— Я помню ее, — добавила она, — у нее был отбитый край. Скажи, что ты здесь делаешь?
— У меня есть новости, — сказал Эндрю. Он говорил неохотно. Огромное нежелание говорить охватило его. Сообщи он ей новости, какая была бы у него отговорка, чтобы остаться?
— Их можно рассказать и после завтрака? — спросила она и, когда он кивнул, ничего больше не говоря, начала накрывать на стол.
Только когда они сели, она снова спросила:
— Ты, должно быть, рано встал?
Он утвердительно хмыкнул, боясь услышать вопрос, какие новости он принес.
— Что-нибудь случилось, пока меня не было? — спросил он.
— Нет, — сказала она, — здесь никогда ничего не случается.
— Дверь была не заперта. Ты думаешь, это неопасно?
— Она не была заперта и когда ты пришел в первый раз, — ответила Элизабет, прямо глядя ему в глаза. — Я не хотела, чтобы, когда ты вернешься, тебя ожидал менее радушный прием.
Он пристально посмотрел на нее, словно в мучительной надежде, но ее прямота оттолкнула его. Все, что она хотела сказать, лежало на поверхности, подтекста не было.
— Ты знала, что я вернусь?
Она немного нахмурилась, как бы в недоумении:
— Ну, конечно, это было ясно. Мы расстались друзьями, не так ли?
— Ты очень великодушна.
Ее голос по какой-то причине ожесточил его, но она не заметила его сарказма.
— Я не понимаю тебя, — ответила она. — Ты говоришь головоломками.
— О, я не похож на тебя, — сказал Эндрю. — Я не знаю, что хочу. Ты такая чистая, такая ужасно рассудительная. А я — мнительный.
— Это я — очень чистая? — спросила она. Она отложила нож и, опустив подбородок на руку, с любопытством поглядела на него через стол. — А ты знаешь, например, что я очень хотела, чтобы ты вернулся? Здесь так одиноко. Когда я спустилась вниз в то утро, я расстроилась, что ты ушел. Я почувствовала вину. Я не должна была уговаривать тебя идти в Льюис. Я не имела права заставлять тебя рисковать собой. Прости меня.
Эндрю вскочил из-за стола и, отойдя к камину, повернулся к ней спиной.

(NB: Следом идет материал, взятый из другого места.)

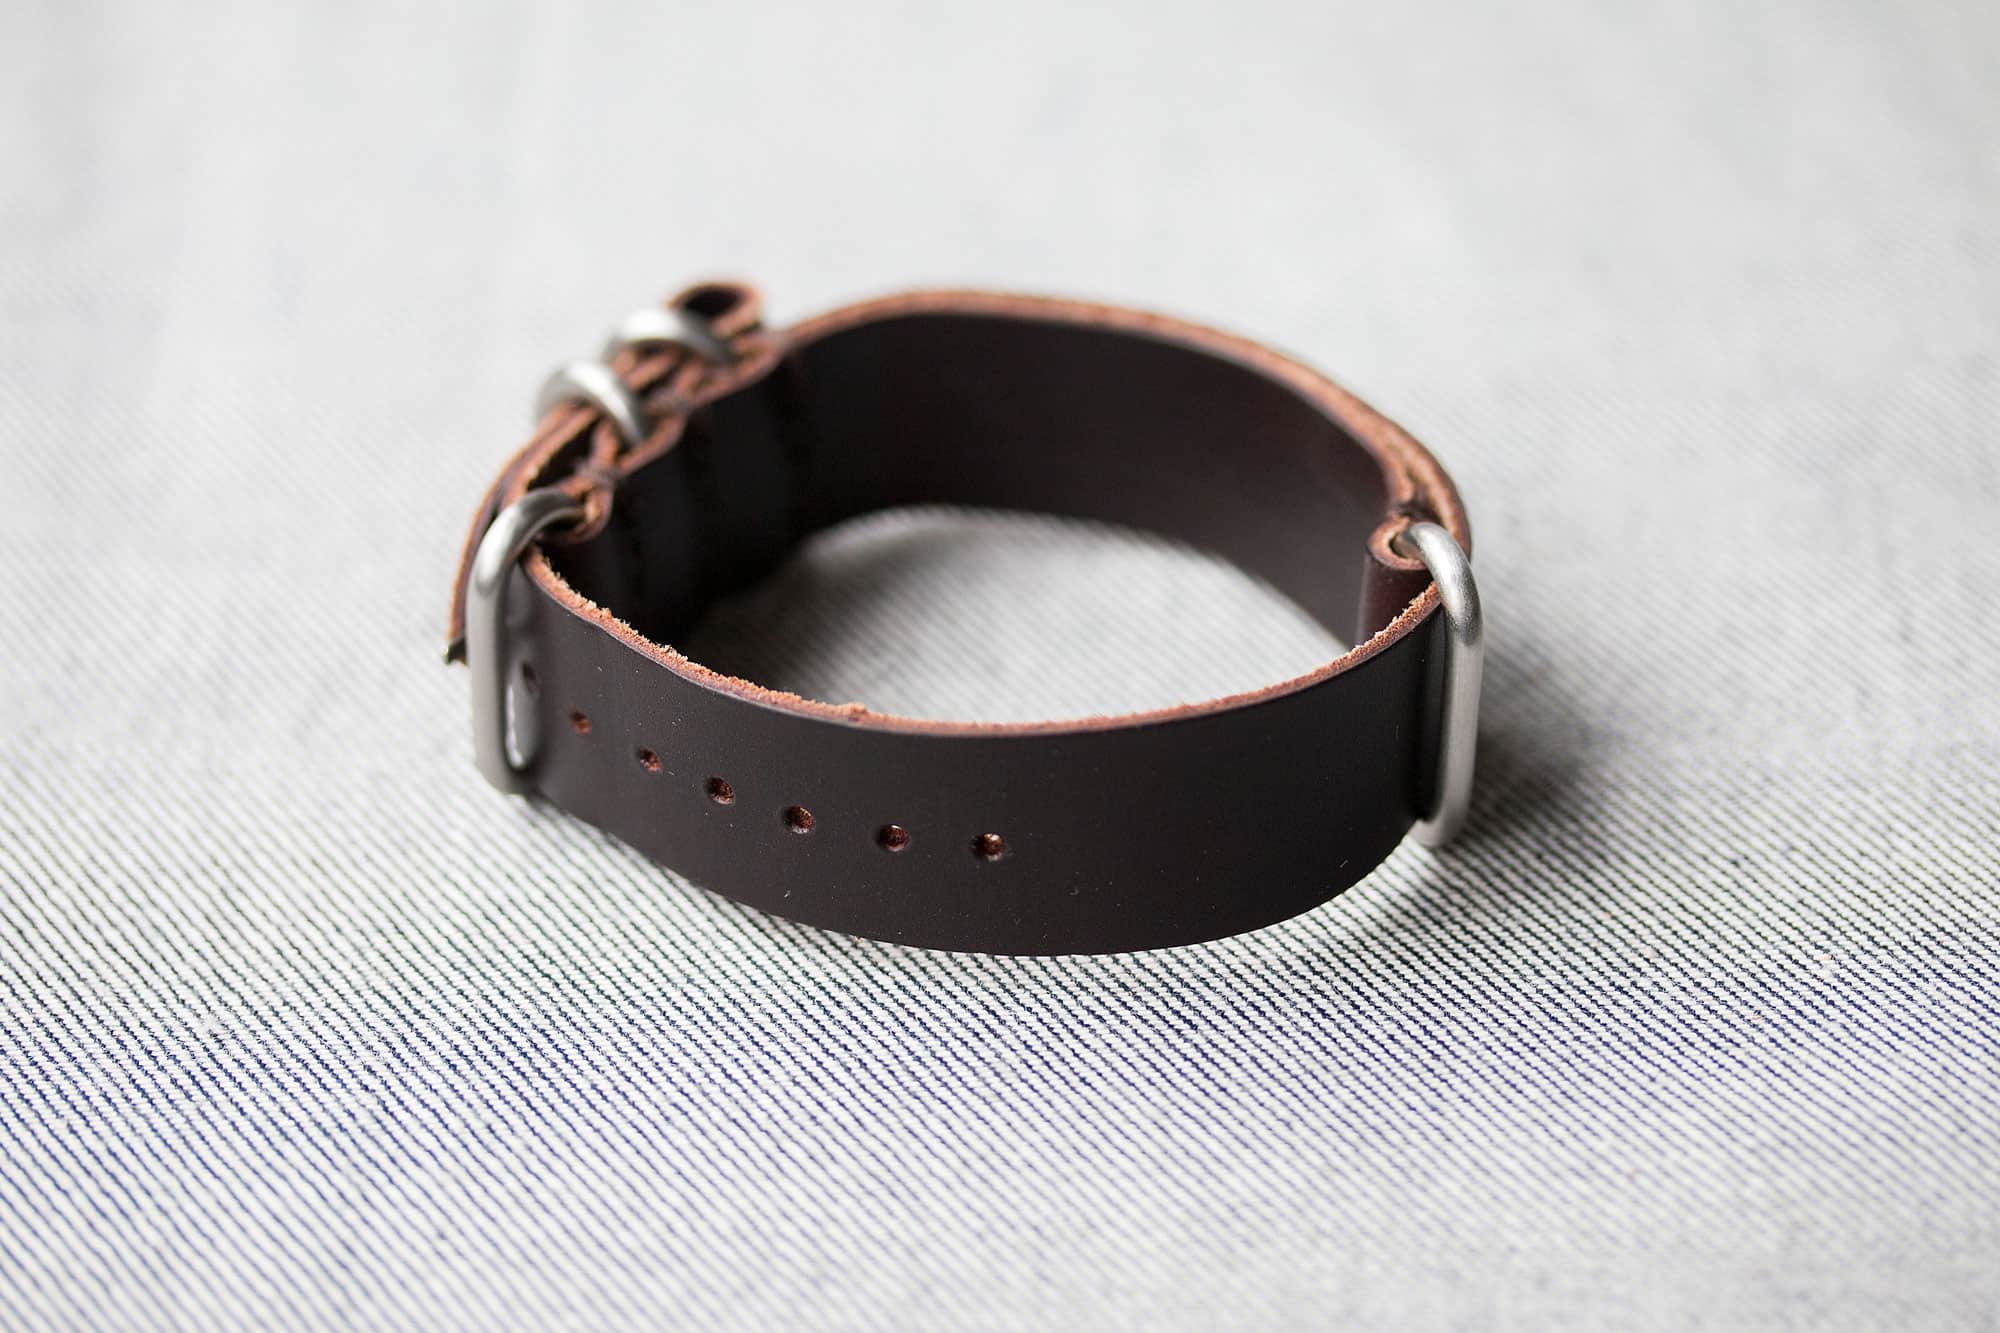 Arvo Black Awristacrat Watch - Mahogany Leather 40mm Mahogany Leather

— Ты смеешься надо мной, — пробормотал он.
Элизабет улыбнулась.
— Ты и правда мнительный, — сказала она. — С чего ты взял? Нет, мы правда друзья.
Когда он повернулся, его лицо горело.
— Если ты произнесешь это слово еще раз… — пригрозил он. Ее бледное, озадаченное и в то же время спокойное лицо охладило его. — Прости, — сказал он. — У меня был только один друг, и я предал его. Я не хочу предавать тебя.
— Ты и не предашь меня, — сказала она. — Ты оставил свой нож.
— Я думал, он может тебе понадобиться.
— Но ты знал, что он может понадобиться тебе.
Он повернулся спиной и поддел ногой угли в камине.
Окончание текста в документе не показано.